Ricardo Menéndez Salmón es de esos hombres que no hablan por hablar, de esos interlocutores que dicen lo justo, lo preciso. Quizá por eso sus novelas sean siempre cortas, porque la paja está demás. Precisamente esa es una de las líneas de su nueva novela, El corrector (Seix Barral): la banalidad del lenguaje.
Cuando los terroristas reventaban los trenes de Madrid en 2004, a Ricardo Menéndez Salmón se le caía uno de los velos que cada persona llevamos puestos en nuestra vida: la inocencia en torno a la política, si quedaba algo, caía como una hoja arrancada en época de tormenta. Las ineficaces muestras de manipulación del lenguaje por parte del PP en las semanas posteriores al atentado del 11-M fueron la chispa que arrancó el motor de este libro.
Cuando los terroristas reventaban los trenes de Madrid en 2004, a Ricardo Menéndez Salmón se le caía uno de los velos que cada persona llevamos puestos en nuestra vida: la inocencia en torno a la política, si quedaba algo, caía como una hoja arrancada en época de tormenta. Las ineficaces muestras de manipulación del lenguaje por parte del PP en las semanas posteriores al atentado del 11-M fueron la chispa que arrancó el motor de este libro.
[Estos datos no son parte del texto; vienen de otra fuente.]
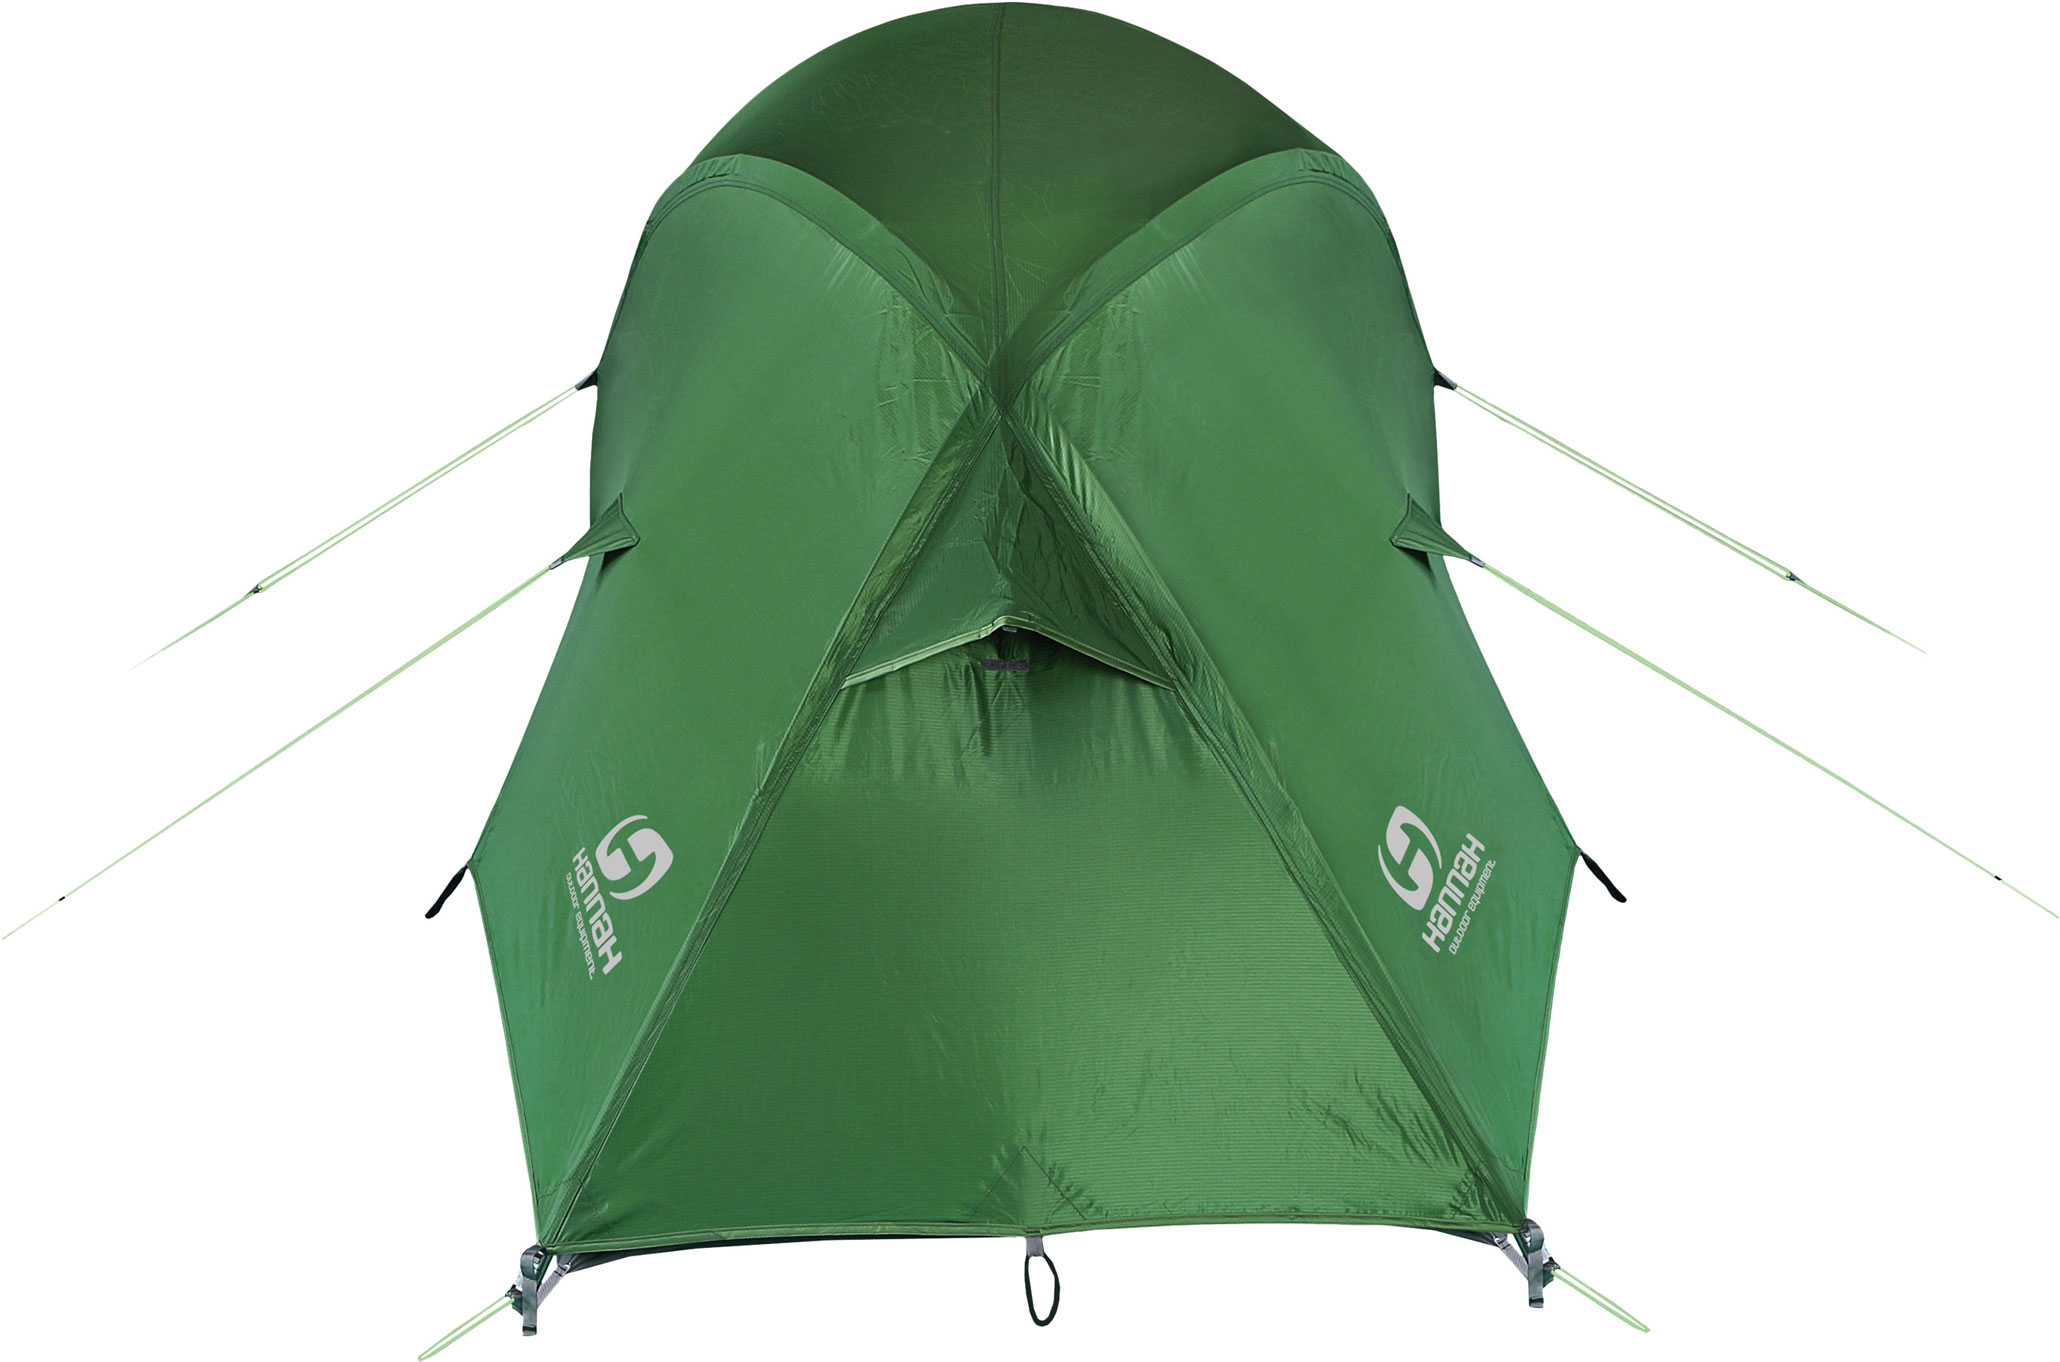 Lightweight outdoor tent

Manel Haro. Barcelona © / Foto: Susana Carro ©
¿En qué momento preciso se le activó el chip para escribir esta historia?
Creo que el 29 de noviembre del año 2004, cuando oí a José María Aznar decir en cierta comisión aquello de que los atentados de Madrid no habían sido urdidos en «lejanas montañas ni en remotos desiertos». Su «sostenella y no enmendalla» me causó una profunda impresión. Primero fue el dolor; luego, el estupor; finalmente, la indignación.
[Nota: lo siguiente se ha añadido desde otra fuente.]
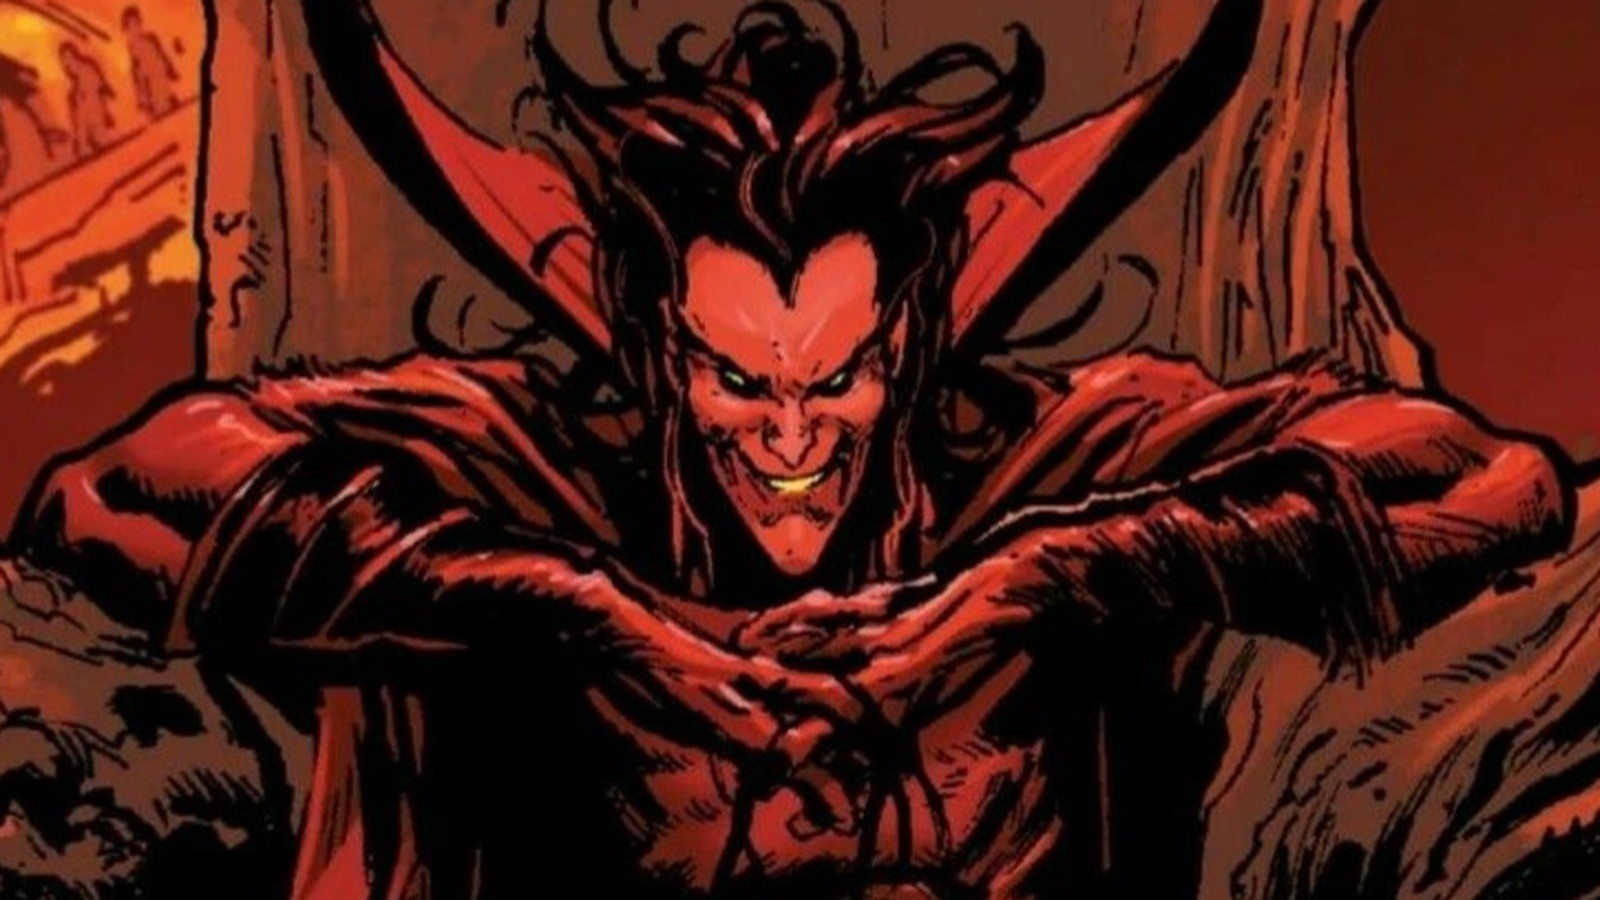 Mephisto from Marvel Comics

Sus novelas son cortas, pero las escribe durante un par o tres de años. ¿Significa eso que corrige mucho o que se despista fácilmente?
Pregunta un poco perversa, ergo inteligente. Corrijo mucho y me despisto fácilmente, si entendemos «despistarse» por tener abiertos varios frentes a un tiempo. En general, suelo escribir más de un libro a la vez. Al menos con mis tres novelas para Seix Barral ha sucedido eso.
De algún modo, en todas sus novelas siempre está el telón de fondo del terror. ¿Por qué le interesa tanto este aspecto?
Porque me parece constitutivo no sólo de nuestro tiempo, sino del propio concepto de humanidad. Hay una intuición de Roberto Arlt en Los siete locos que asumo como propia: «Sólo el mal», dice el escritor argentino, «afirma la presencia del hombre sobre la tierra». Frase terrible pero muy certera, porque a poco que uno reflexione se da cuenta de que la maldad y, por extensión, el terror son privilegio de nuestra especie.
En La ofensa el protagonista perdía la sensibilidad ante el terror. En El corrector parece que quienes la pierden son los políticos que durante horas intentaron anteponer sus intereses de partido por encima del dolor de los españoles. ¿Por qué le gusta insistir en esa pérdida de sensibilidad del ser humano?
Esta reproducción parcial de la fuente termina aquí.